Data for this exercise>
--- START ---

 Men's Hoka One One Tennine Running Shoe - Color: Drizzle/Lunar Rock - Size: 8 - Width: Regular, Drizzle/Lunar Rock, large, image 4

--- END ---
--- START ---

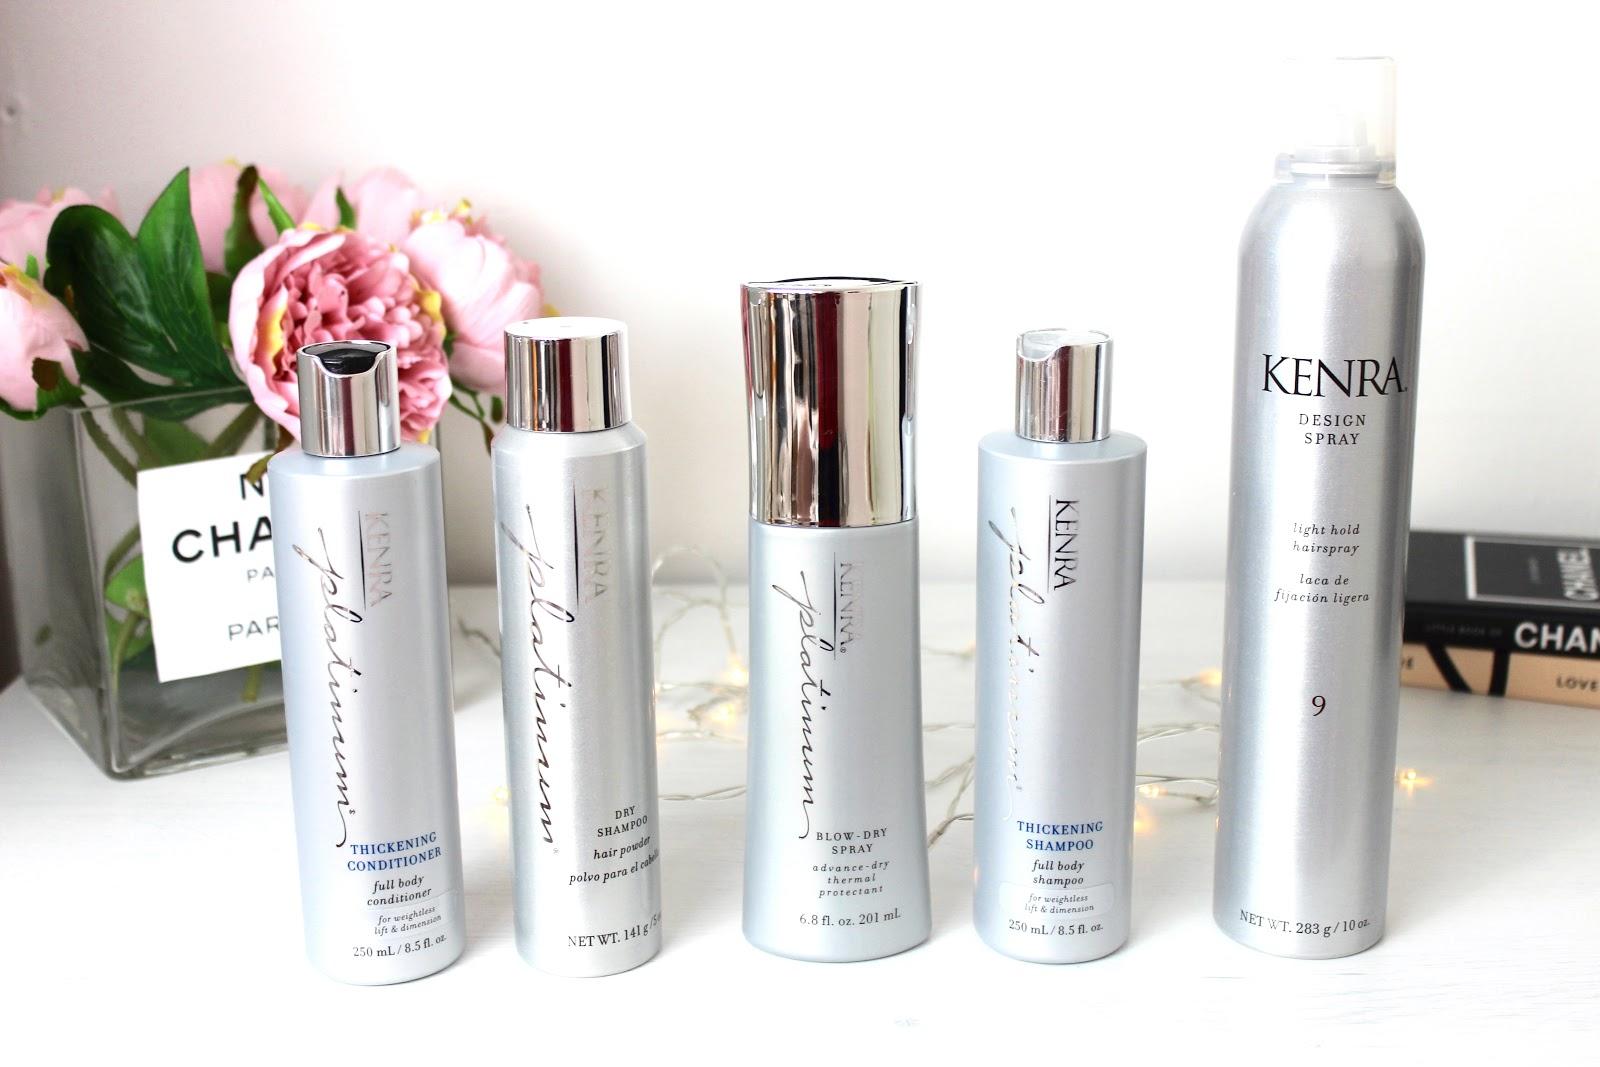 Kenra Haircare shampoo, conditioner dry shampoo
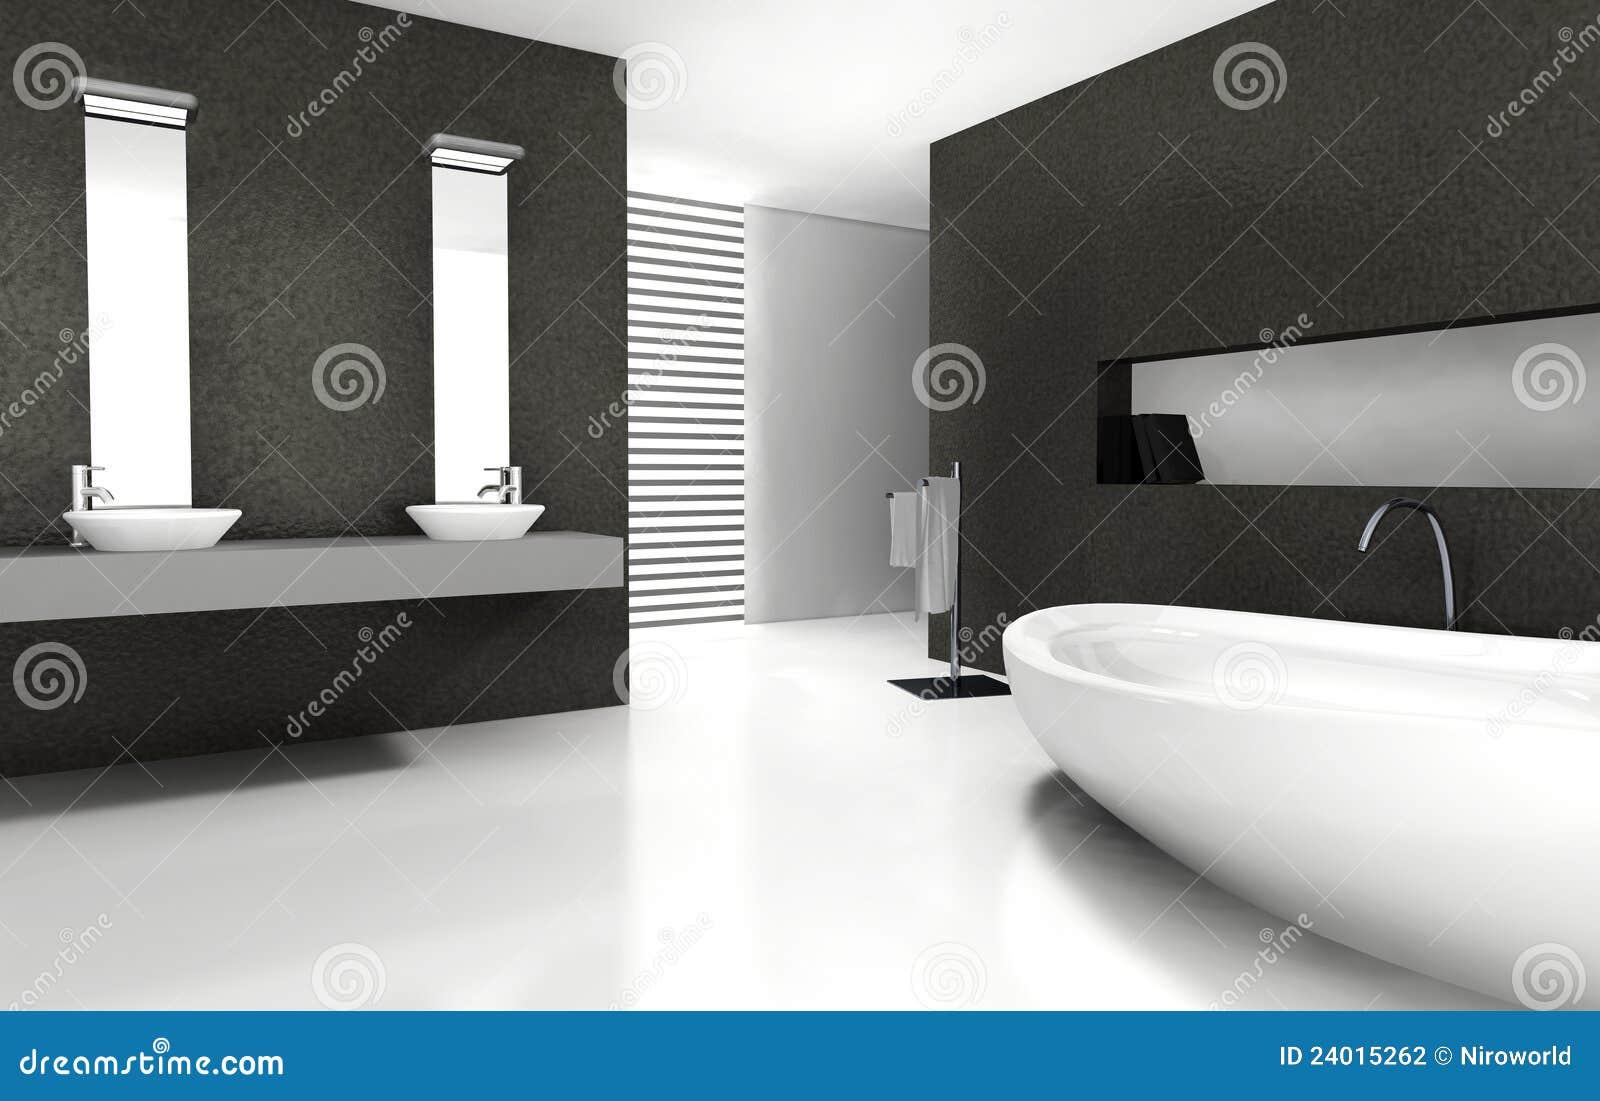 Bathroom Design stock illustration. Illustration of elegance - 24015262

--- END ---
--- START ---

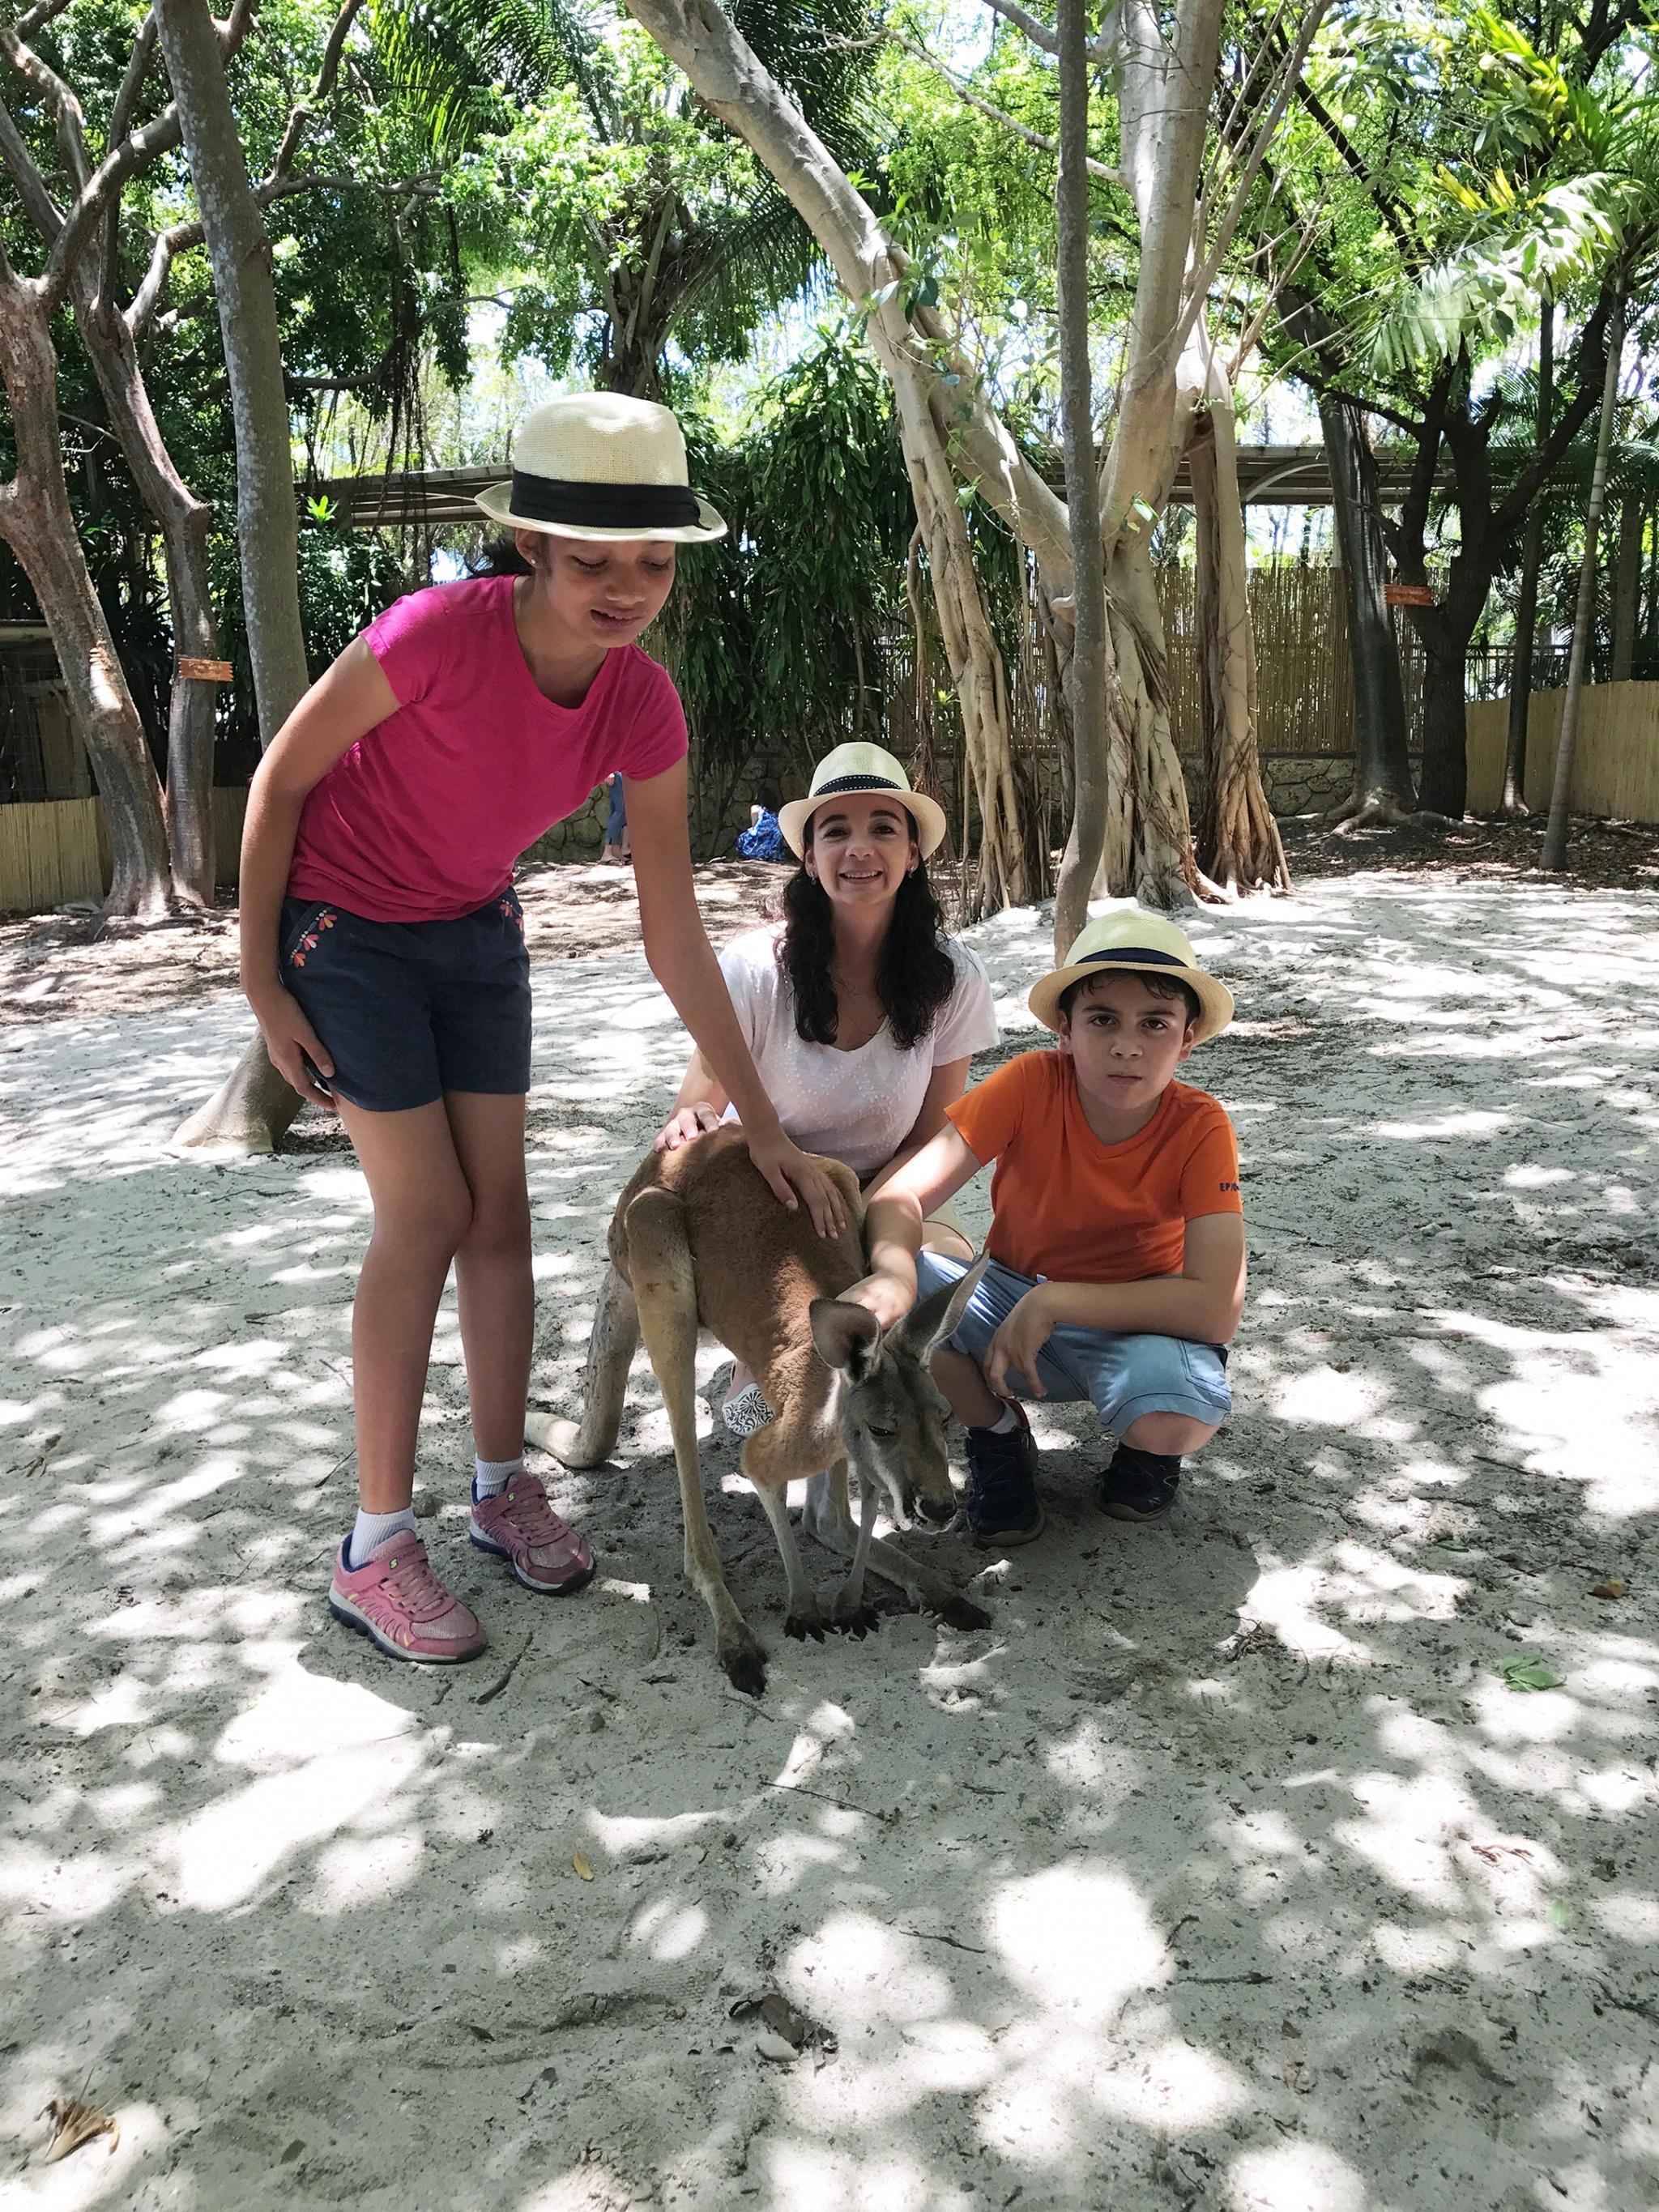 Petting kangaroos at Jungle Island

--- END ---

Assignment> Leaving every picture aside, reproduce exactly the lines above from the one with "Kenra Haircare shampoo, conditioner" up to and including the one with "Bathroom Design stock", and no others.

Exercise solution>
 Kenra Haircare shampoo, conditioner dry shampoo
 Bathroom Design stock illustration. Illustration of elegance - 24015262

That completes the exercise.